I will also one day be able to say, "Children, when I was a senior in college, I had a mohawk. This means I am countercultural; you may obey me now."

And I now have the authority to dispel myths about mohawks. For one thing, it is not essential to shave the sides of your head to have a mohawk. If the hair on the sides of your head is very significantly shorter than the hawk part, it is not a fauxhawk. For another, mohawks can be worn down. The lady who cut my hair spiked it. Hugh hates being spiked. Mohawks do not have to be fanned in order to be legitimate. I looked this up online to make sure. Also, mohawks have minds of their own.

Tuesday, October 14, 2008

echoes of jesse

Who you are is what you do, not who you want to be. As Michael said, faith isn't for the future. Hope is for the future. Faith is for the now.

Faith means you do what you hope to be.

So all of a sudden I'm thinking about my friend Jesse--the skinny, weird one with curly hair--and the stuff we do and fail to do, because all of it applies to where we hope to be.

So, here I am. I'm getting out and doing what I hope. I am looking for a school--not as hard as I should be, I admit... but I am thinking about a few schools in the Midwest and, oddly enough, in Germany; I am voting--because the next time there will be a presidential election, I will be directly affected by the international policies of the upcoming administration; I am learning languages--"les paupieres" are "the eyelids" in French, German's going pretty well, and I just recently considered that I should be attempting to learn Arabic (if Richard Engel can do it, so can I); I am writing plays and doing a thesis, because one day I could be a documentary filmmaker or a playwright who travels the world doing research.
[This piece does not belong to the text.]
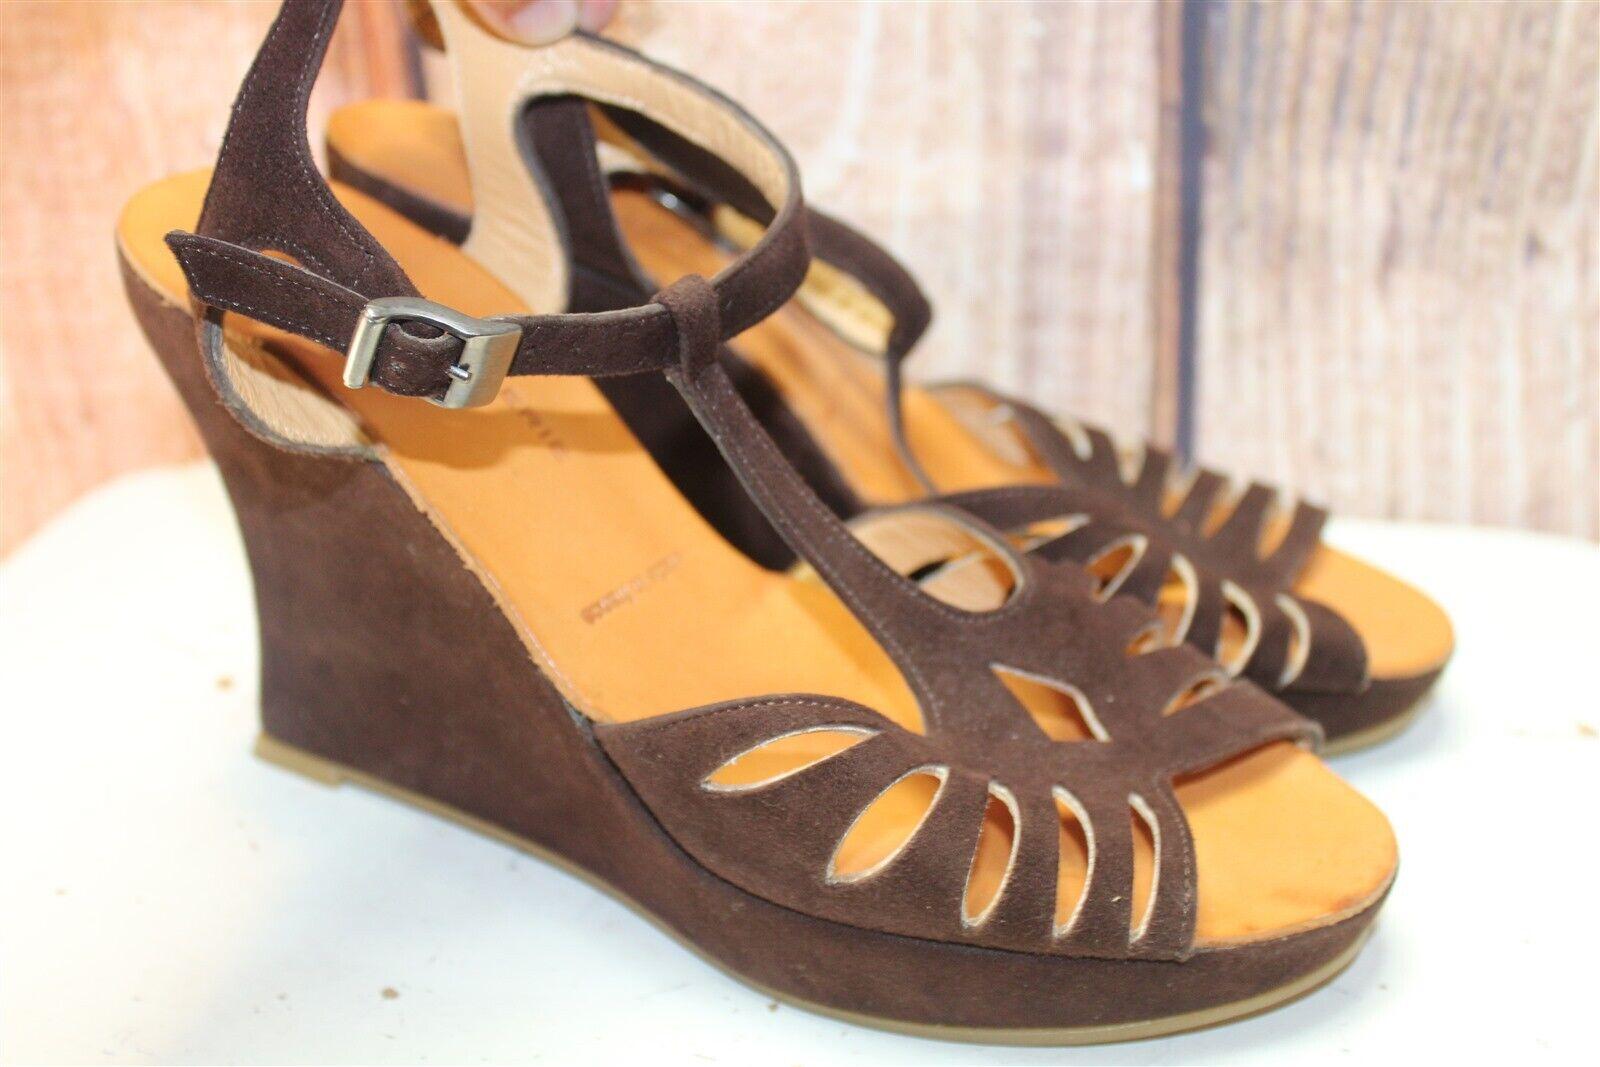 Robert Clergrie Paris Brown Suede Wedge Sandals 7 B Women's shoes

I know I will be a traveling artist, because I am an artist now. I have a passport now.

So, if where you are isn't where you hope to be--why are you where you are? What are you doing to be who you want to be in five years? If you have a dream, and it's just lying stagnant... why? What's the point of that?

Friday, October 10, 2008

updates...

What I am Reading:

Starship Troopers, by Robert Heinlein
One thing that I just recently learned is that Robert Heinlein popularized the acronym TANSTAAFL. Thank you, Robert Heinlein. Starship Troopers is a moral/philosophical novel cloaked in the guise of science fiction. Which means that I love the moral/philosophical parts and I am trying to like the sci-fi, "powered armor" parts. (Apparently, "power suits" mean different things to sci-fi than they do to the eighties).

What I am Listening To:

Urinetown. Duh. Is it hard to be in a show that is nominally about bodily functions?

Yes, sometimes it is. Mostly because I don't want my family to hate it and I feel like they will.

Thursday, October 2, 2008

12:02

There is one distinct time when I wish-I wish-I wish that I had life figured out; that I was (sorry to Caitlin and anyone else who might miss me come May) a graduate; that I was, you know, not in school, but off serving, doing wildly creative things to bless people, preferably in a country where they don't always speak English; preferably with some pretty awesome husband of a guy who accepts me, even with my short hair and propensity to say dumb things; maybe, you know, a tribe.

And that time is shortly after midnight when I am "working" on an essay that's due tomorrow, listening to Songs of Water and/or French music.

My question:

Who are we but the time we spend?

Who are we besides what we do with the time we spend?

I know--
I have to spend my time doing what I'm supposed to be doing. It's not about me, and my time has to reflect that.

But first, before the husband and the missions and the orphanages and the languages and the tribe, even before my next haircut, I have to finish this dingdangpaper.